Your goal
Copy the data exactly as it appears, and do not include any pictures.

Stored data
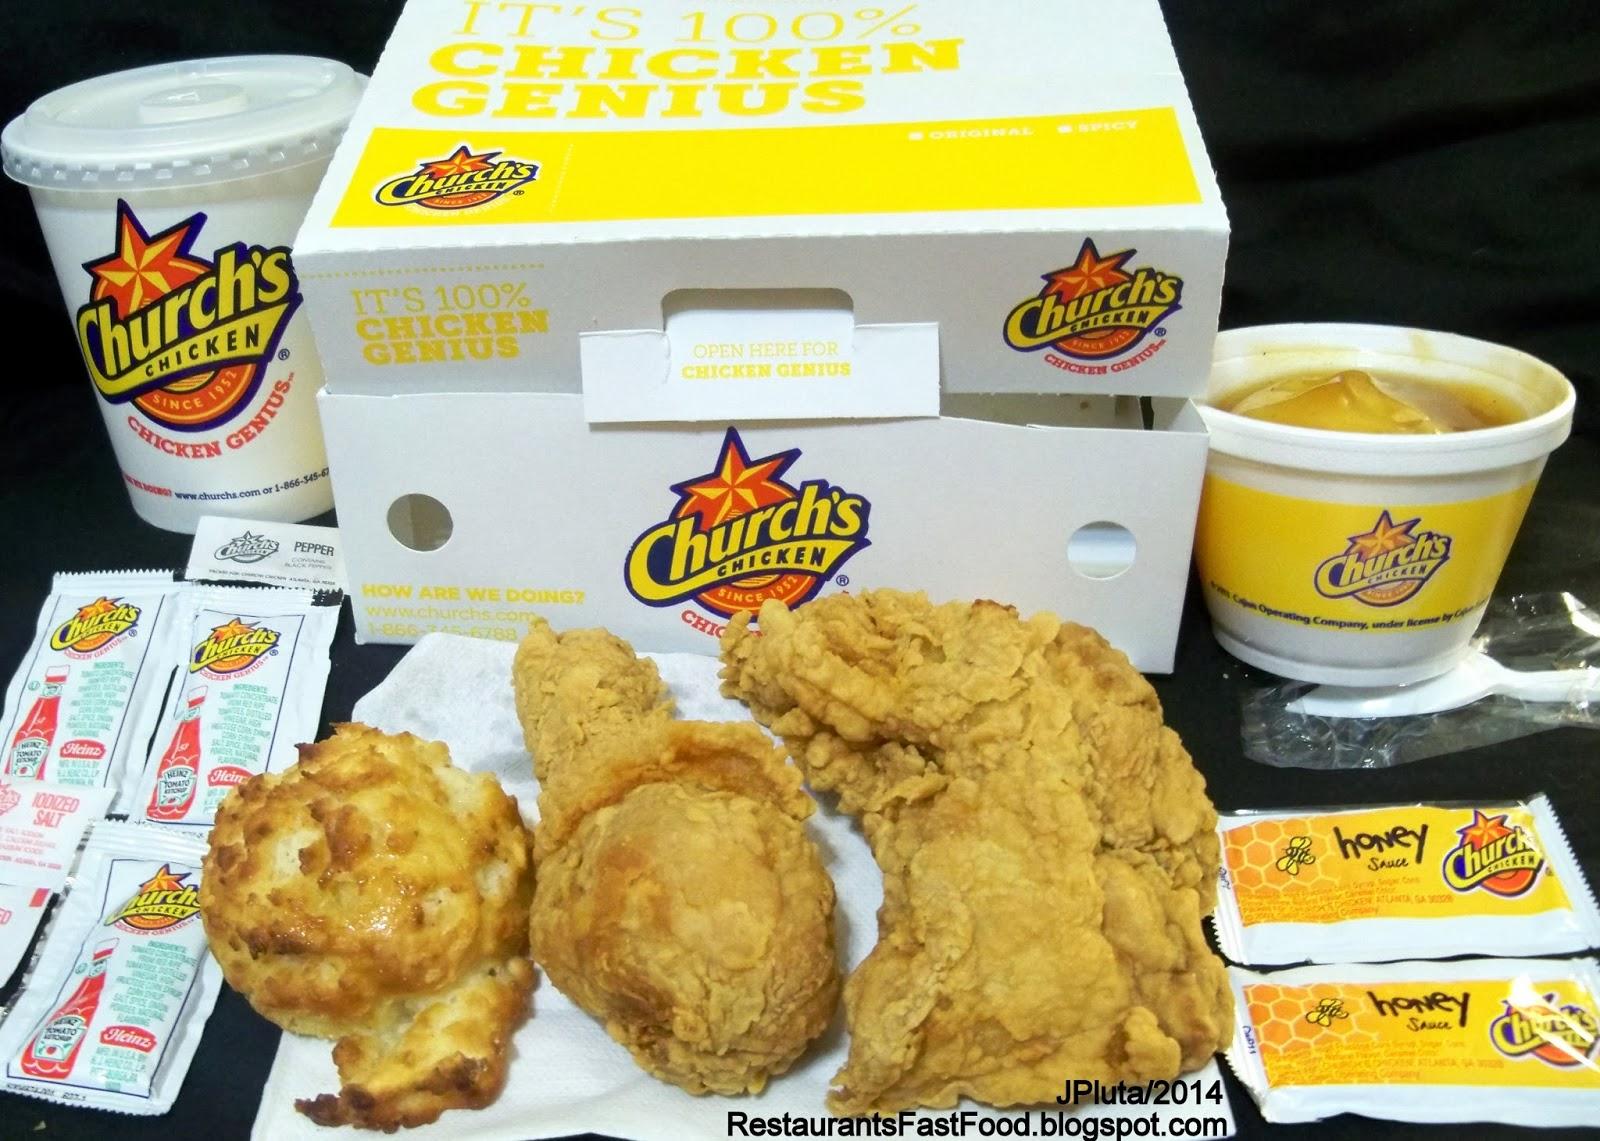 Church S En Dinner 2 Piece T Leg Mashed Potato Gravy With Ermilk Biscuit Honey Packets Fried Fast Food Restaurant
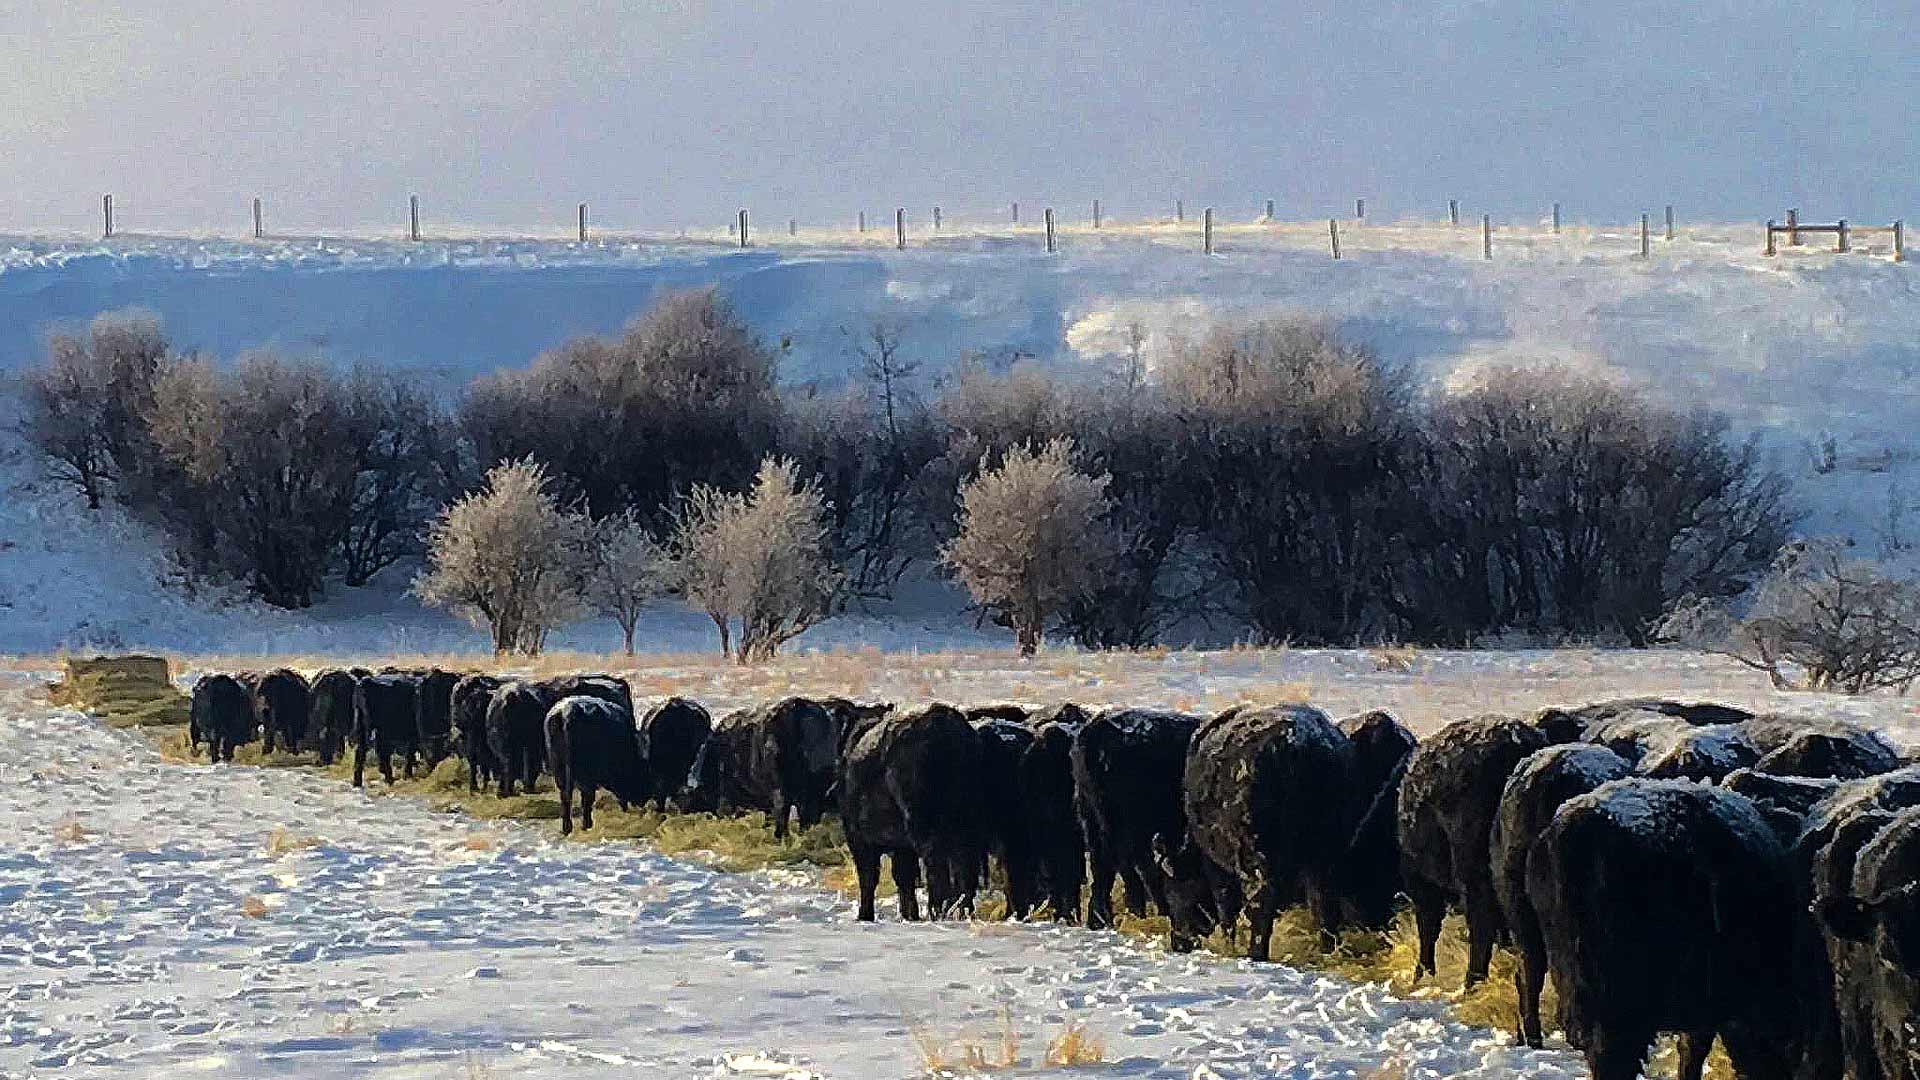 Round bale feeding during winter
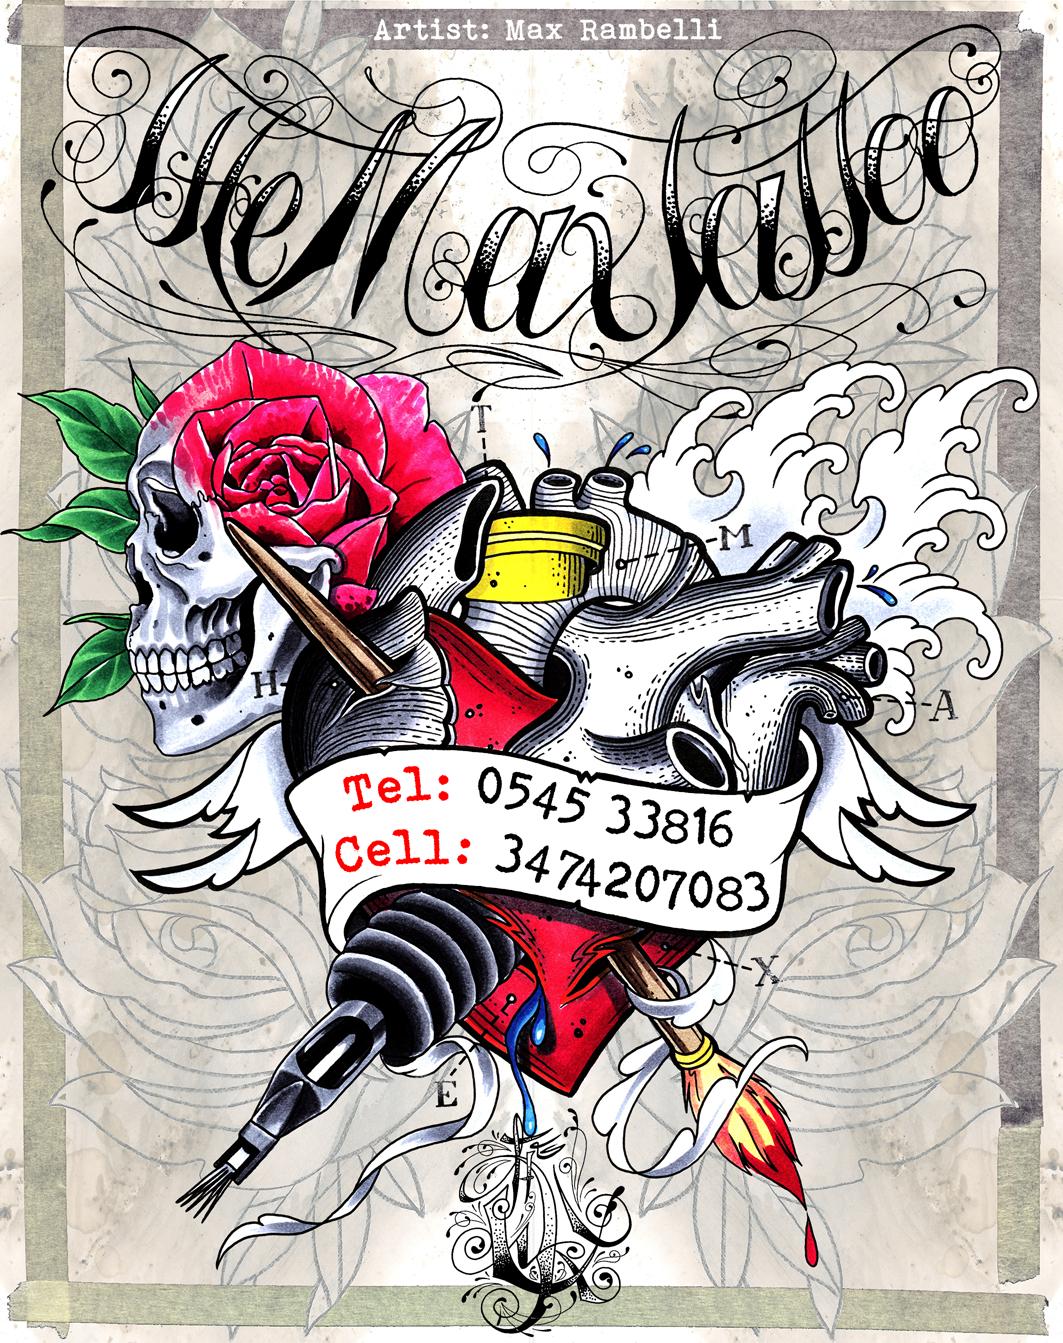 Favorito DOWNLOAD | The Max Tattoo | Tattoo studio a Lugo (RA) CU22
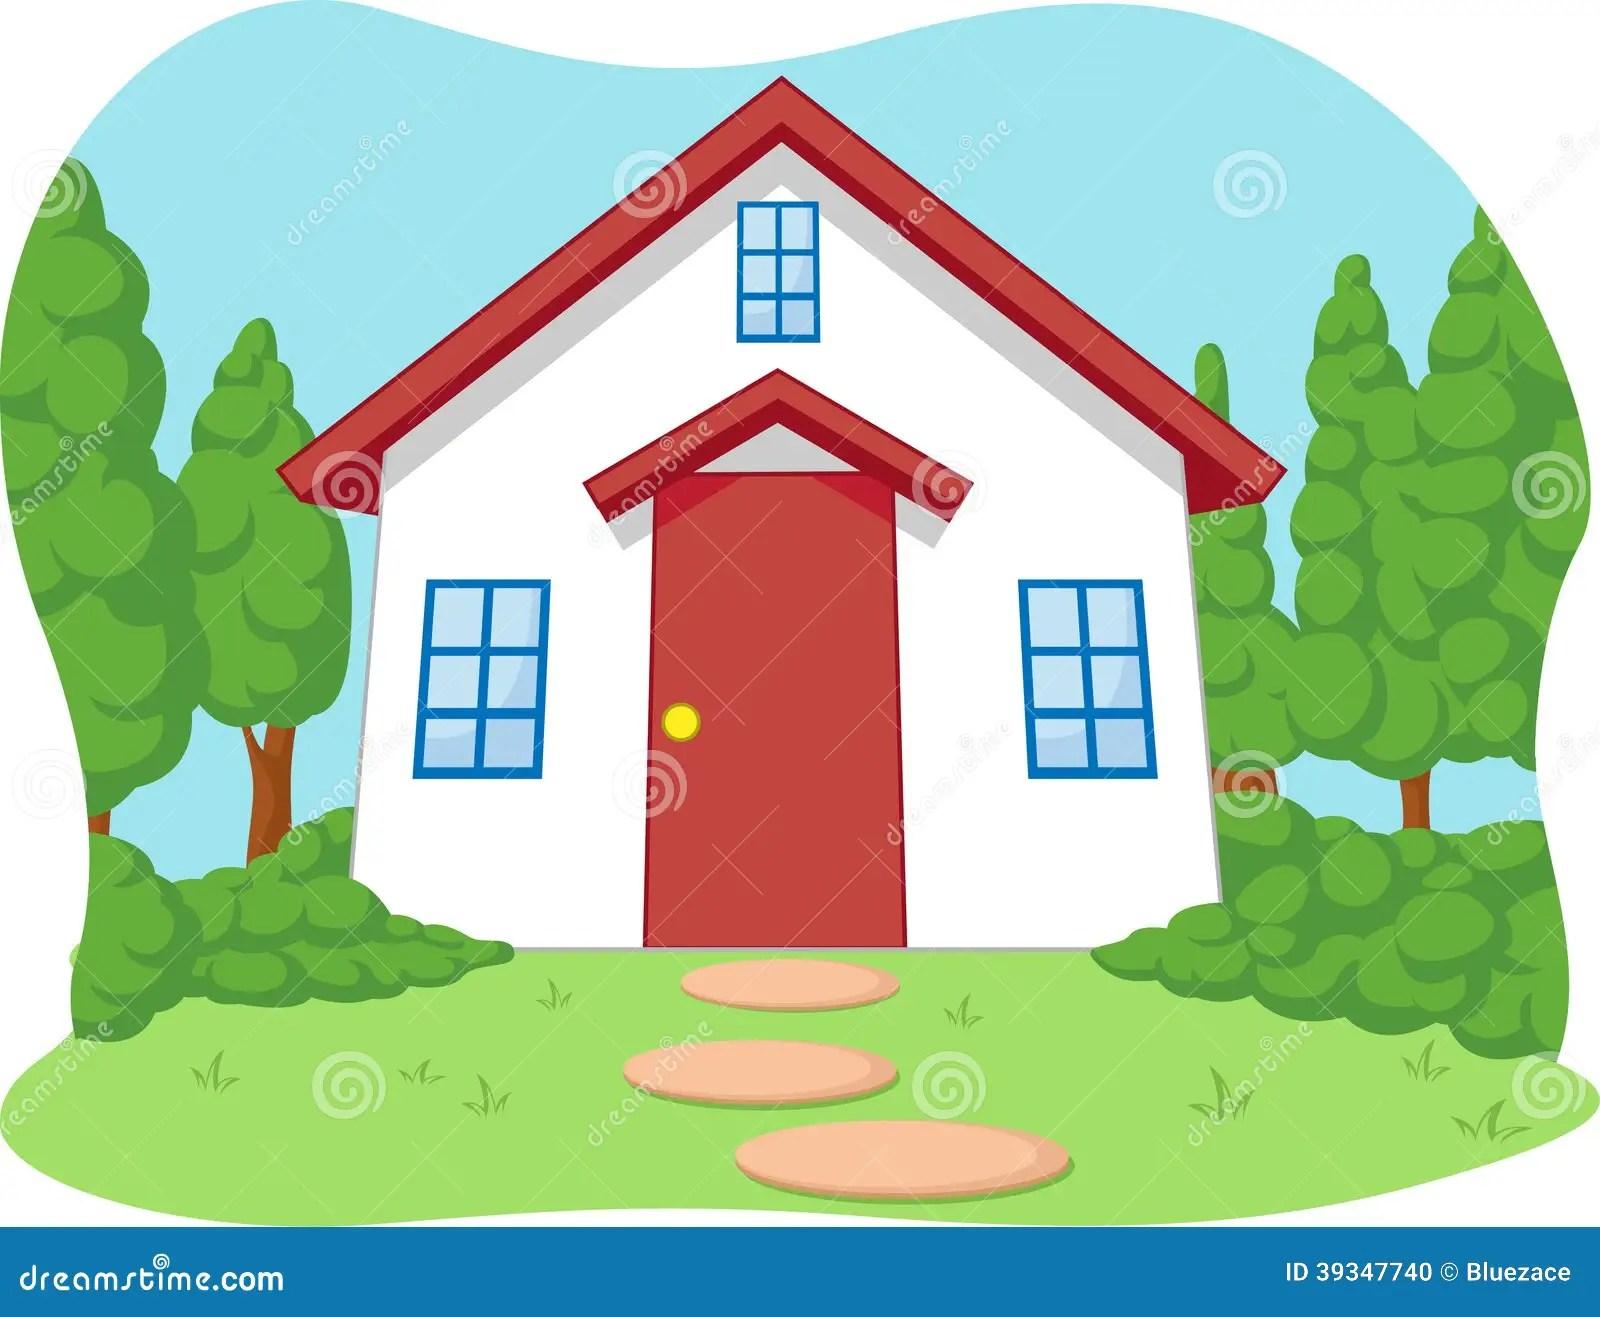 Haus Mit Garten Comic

Solution for this problem
 Church S En Dinner 2 Piece T Leg Mashed Potato Gravy With Ermilk Biscuit Honey Packets Fried Fast Food Restaurant
 Round bale feeding during winter
 Favorito DOWNLOAD | The Max Tattoo | Tattoo studio a Lugo (RA) CU22
 Haus Mit Garten Comic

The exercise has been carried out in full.